In 2018 I packed up my London flat and moved to New York to open the US arm of Helpful Digital. The brief? To build on the work we had already been doing in the U.S. since 2015 to create a sustainable stateside business.

We’re two years into that adventure, having delivered 80+ projects for clients in sectors including energy, aviation and government, and from Rio de Janeiro to Alaska and Newfoundland.

We’ve tested operational and communications teams in their crisis planning and preparedness with scenarios from earthquakes to cyber-attacks and active shooters.

Here are five of the main lessons I’ve learned along the way:


  1. It’s the quality, stupid

In a startup time is your most precious – and scarce – resource. Winning new business and ‘spreading the word’ is vital if you’re to have any hope of making it stick. We’ve always relied heavily on repeat business and word of mouth to grow, and so it has proven in the US. We’ve worked hard to make sure that we deliver quality work that 1. prompts clients to want to work with us again and 2. enthuses and inspires them in such a way that they’re prepared to spread the word on our behalf. Look after quality and the rest will follow.
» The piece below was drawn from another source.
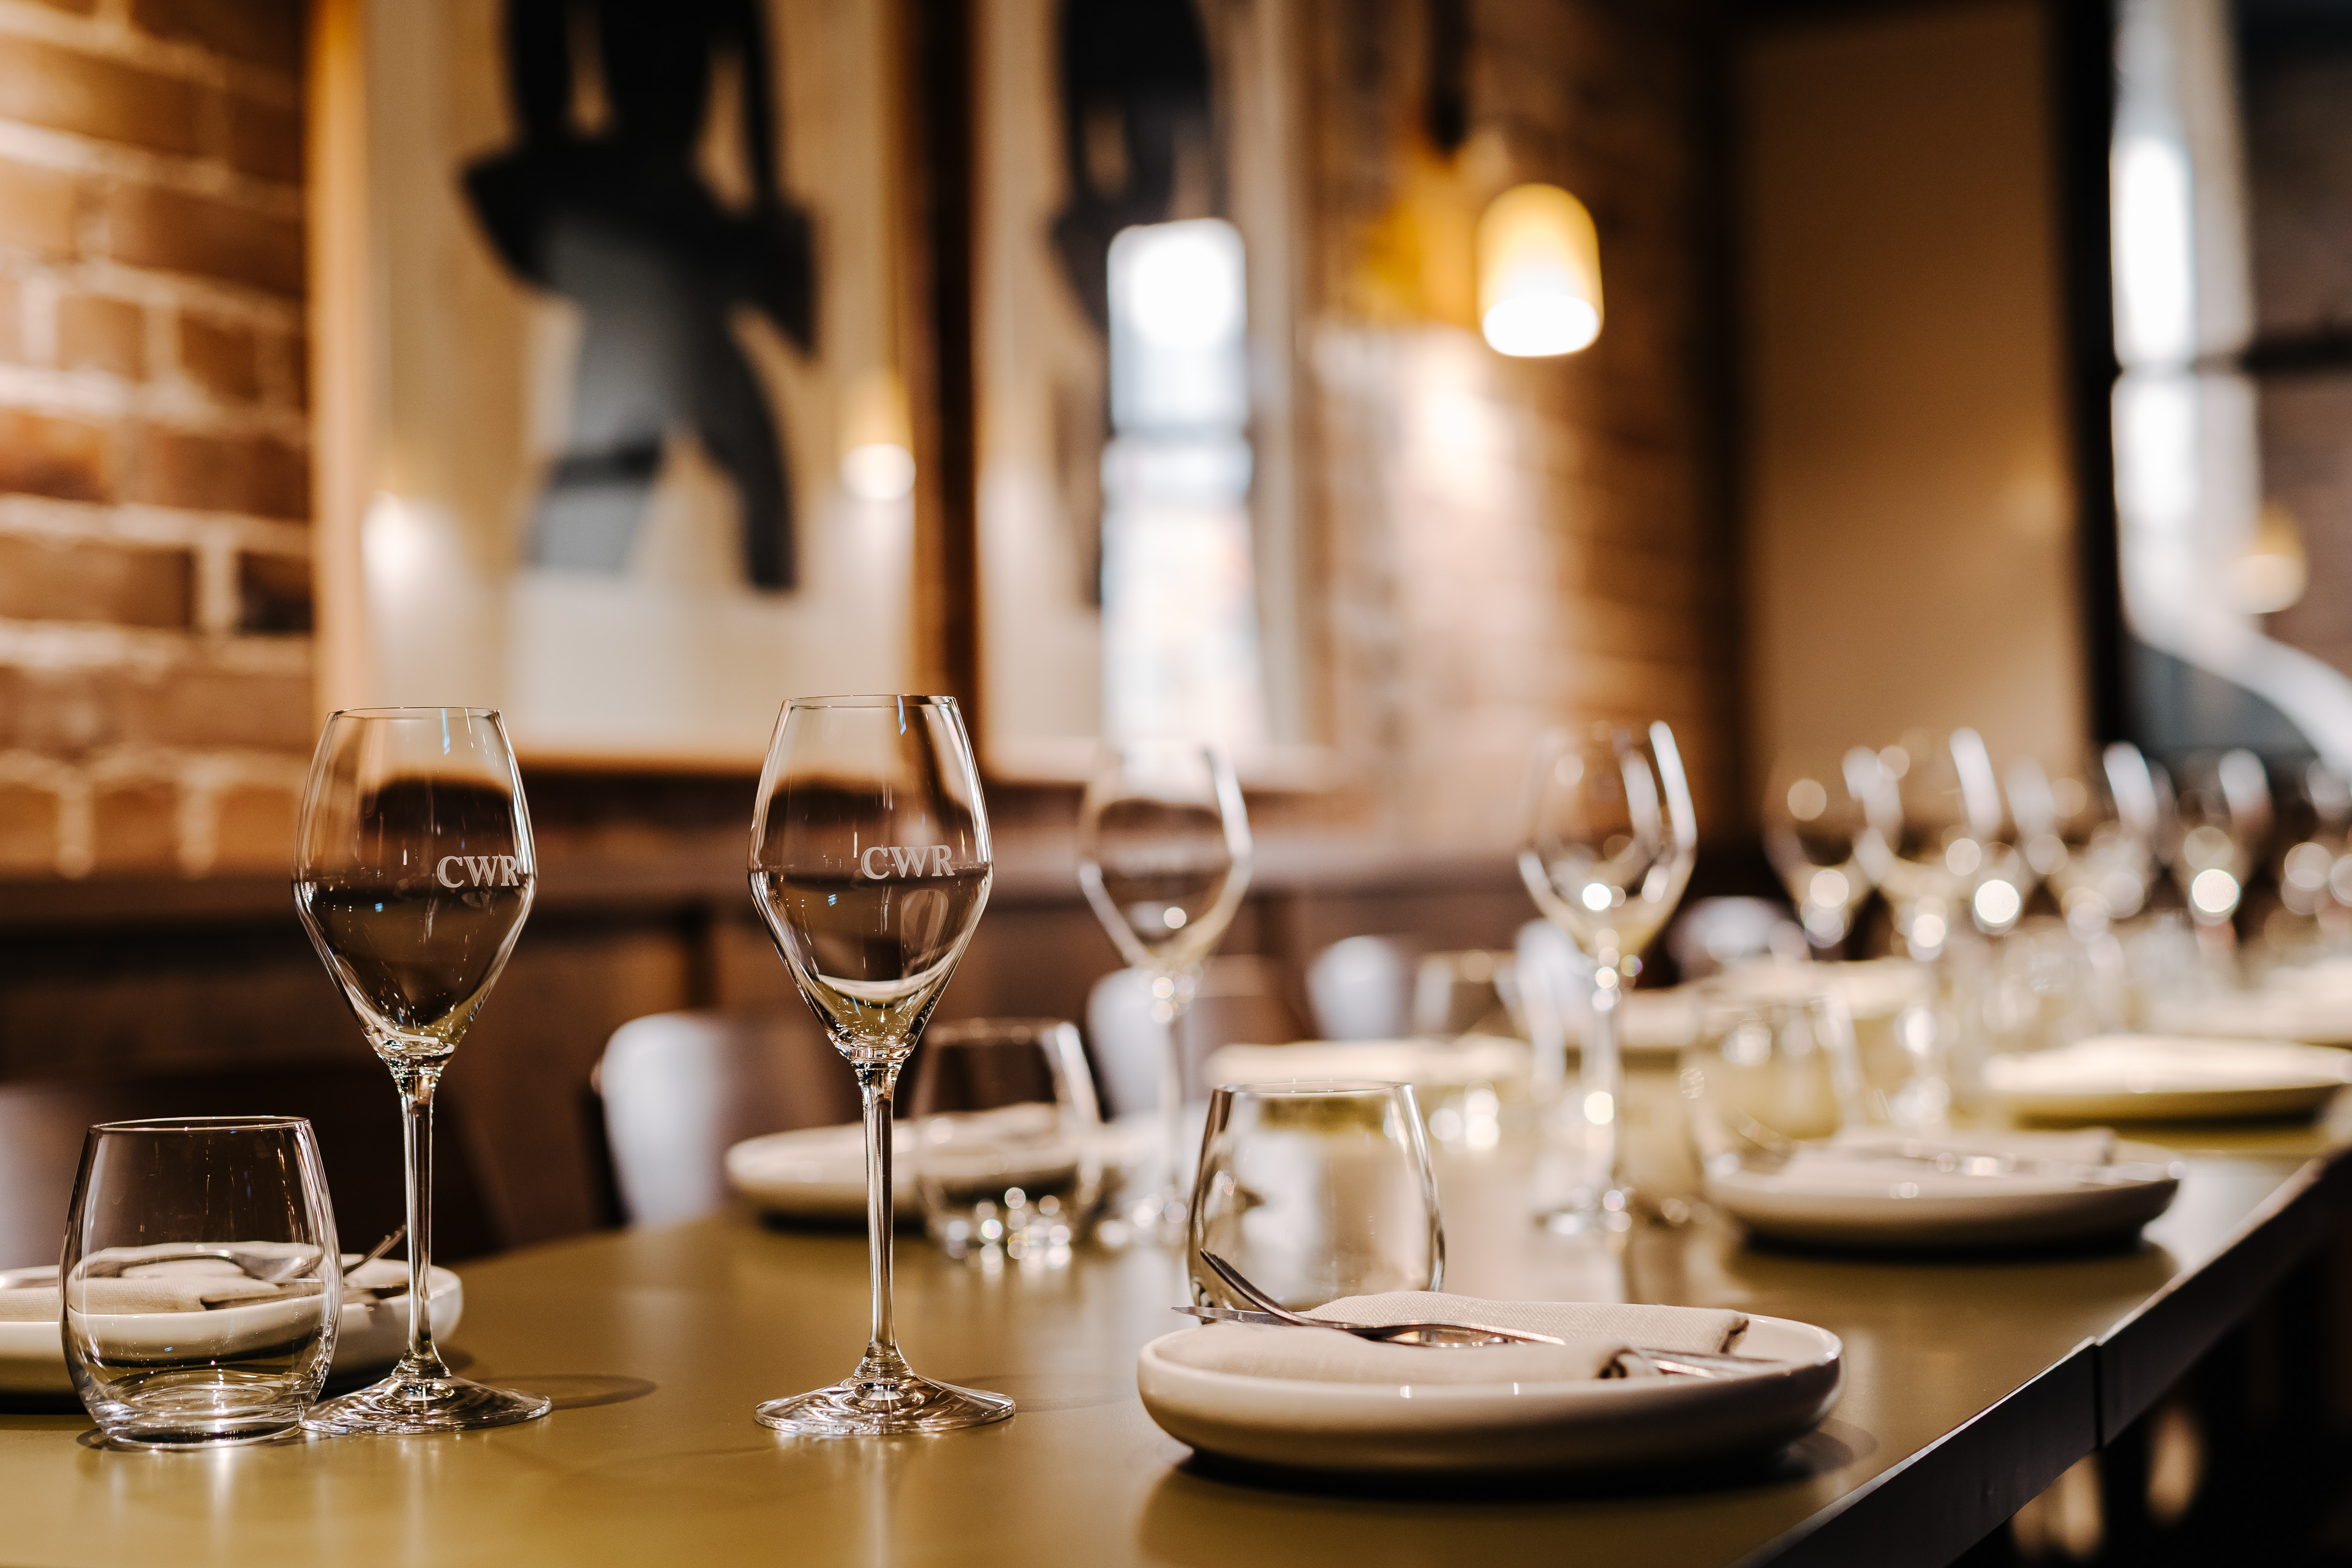 sydney design social coogee wine room logo branding glassware

  1. Lay the groundwork and don’t forget about old friends

Arriving in a new country is exciting on a personal and professional level, but it can also be daunting at first. Bills need to be paid and financial targets met. The opportunities of the U.S. were obvious enough, but it’s always difficult to get things rolling from a standing start. We drew on existing relationships with partners and clients from elsewhere in the world to tee up introductions and help nurture green shoots of interest in what we’d be bringing to the U.S. We started doing this about 18 months ahead of time so that, when I actually arrived, we already had a solid foundation to build on.


  1. You’ve got to give to receive

Given that there aren’t many domestic agencies delivering the kind of work we do in the U.S., a big challenge we faced starting out was raising awareness of who we are and what we do. We wanted to grow the emergency preparedness work we do with government agencies, so have invested time and energy in delivering pro bono work for example with the City of Redmond to help us secure meaningful face time with potential clients. This has been a great way to educate people about what we do and has led to a number of paid projects.

The Cascadia Rising exercise team
  1. You need a plan, but be prepared to be flexible

No battle plan survives first contact, or so the saying goes. We developed a detailed business plan to guide our first few years in the U.S., which would primarily focus on our crisis digital capability work. To our (very welcome) surprise there has been a lot of demand for our non-crisis digital capability work. Although this has forced us to revisit and evolve our plans, and to be a little more creative in how we service work across our UK and U.S. offices, it’s also reinforced the importance of being flexible. You need to remain alert and responsive to the opportunities that present themselves along the way. Plans are valuable but shouldn’t be allowed to blinker the business as its finding its feet in a new market.


  1. Teamwork makes the dream work

Trite but true. The U.S. enterprise wouldn’t have gotten very far at all without on-going help and support from the UK mothership. A Morecambe to our Wise, or perhaps more appropriately – a Cagney to our Lacey, this has meant many antisocial hours and travelling for stretches away from home, all in the name of helping to get the ball rolling, which it now very much is.

A US – UK team meet up in London part way through our first two years.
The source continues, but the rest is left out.